Bliss! She turned into caroline but bliss was different


----------



## toadsworthy (Dec 28, 2014)

PlasticPinkPiggy said:


> Bliss! She turned into caroline but bliss was different



yeah, bliss is a much better name! caroline is so blah

- - - Post Merge - - -

she just forced herself into my town from a void too, so i'm not happy with her


----------



## snapdragon (Dec 28, 2014)

Whatever happened to Champ?


----------



## spCrossing (Dec 28, 2014)

I miss Emerald.

She's like one of my bestest friends in ACGC, I wish she comes back in the future. ; ^ ;


----------



## daniduckyface (Dec 28, 2014)

I haven't played before ACWW but Ketchup the duck is really cute.


----------



## TamaMushroom (Dec 28, 2014)

daniduckyface said:


> I haven't played before ACWW but Ketchup the duck is really cute.
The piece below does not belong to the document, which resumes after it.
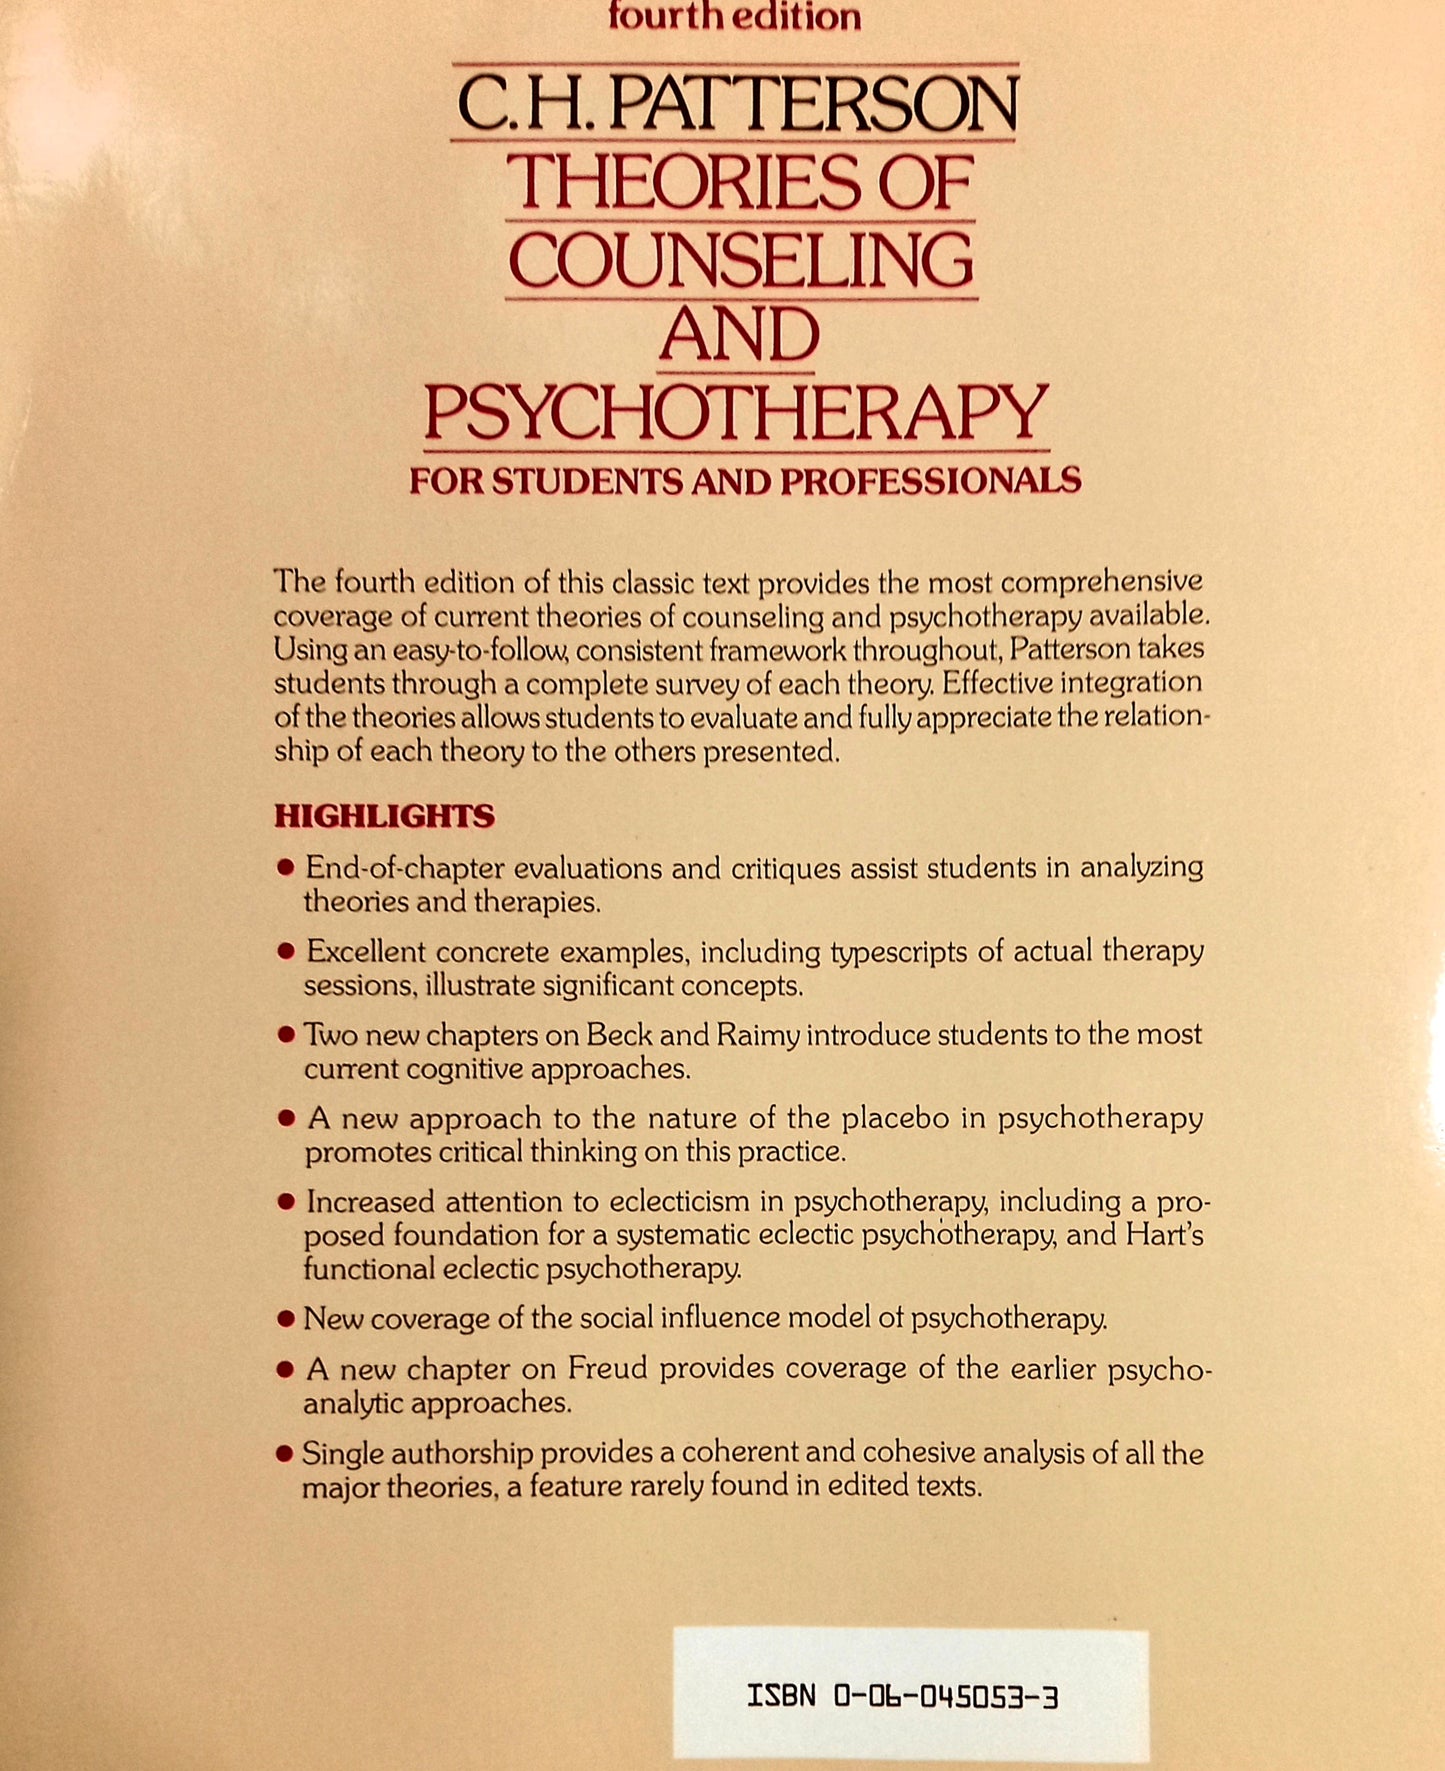 Theories of Counseling and Psychotherapy (Fourth Edition)

Ketchup was on Dobutsu No Mori e+

I miss Murphy and Cleo.


----------



## toadsworthy (Dec 28, 2014)

TamaMushroom said:


> Ketchup was on Dobutsu No Mori e+
> 
> I miss Murphy and Cleo.


I LOVED CLEO!


----------



## Astro Cake (Dec 28, 2014)

Bow and Meow were super cute and had cool designs.


----------



## unintentional (Dec 28, 2014)

Astro Cake said:


> Bow and Meow were super cute and had cool designs.



THIS.

I love them both so much ;u;


----------



## aleshapie (Dec 28, 2014)

snapdragon said:


> Whatever happened to Champ?



He became Flip


----------



## animale12 (Dec 28, 2014)

I miss Belle, Piper and Hornsby. They are all so awesome, so sad that none of them returned in New Leaf. Hopefully they will in a future title!


----------



## snapdragon (Dec 29, 2014)

aleshapie said:


> He became Flip



Awww Champ was cuter


----------



## Astro Cake (Dec 30, 2014)

I was looking through the AC wikia and found June, I love how she has a flower in her hair:


----------



## Bassy (Dec 30, 2014)

Astro Cake said:


> I was looking through the AC wikia and found June, I love how she has a flower in her hair:



If she'd been in this AC game I would've wanted her. She fits perfectly into my town theme; she looks cute too.


----------



## CainWolf (Dec 30, 2014)

New Leaf is my first animal crossing game but I have seen some cool villagers on the wiki that I wish could've been in it. Seriously there is a jock _and_ a lazy wolf villager and we wind up with four cranky ones. I love wolf villagers but variety is the spice of life isn't it? You can only have so many of the same villager type before all the conversations blend together. Not to mention there are at least two squirrels I like better than Marshal (the one that looks like a ferret is cool).


----------



## PlasmaPower (Dec 30, 2014)

aleshapie said:


> He became Flip



Either that or he became Porter again.

Just look at the resemblance.


----------



## Milleram (Dec 30, 2014)

I miss Paolo, Leigh, and Cupcake.


----------



## ToxiFoxy (Dec 30, 2014)

snapdragon said:


> Whatever happened to Champ?



He looks a lot like Porter

- - - Post Merge - - -



Saint_Jimmy said:


> THIS.
> 
> I love them both so much ;u;


Me too, so cute


----------



## The Hidden Owl (Dec 30, 2014)

snapdragon said:


> Whatever happened to Champ?


He got a job haha


----------



## ToxiFoxy (Dec 30, 2014)

Haha, I know what ya mean


----------



## spCrossing (Dec 30, 2014)

Koharu's adorable.

Oh and Kit too, he's basically Conker.


----------



## Peachi (Dec 31, 2014)

I definitely wish Meow was in ACNL! I love cats and Meow has such a cute name and design.


----------



## Leela (Dec 31, 2014)

Peachi said:


> I definitely wish Meow was in ACNL! I love cats and Meow has such a cute name and design.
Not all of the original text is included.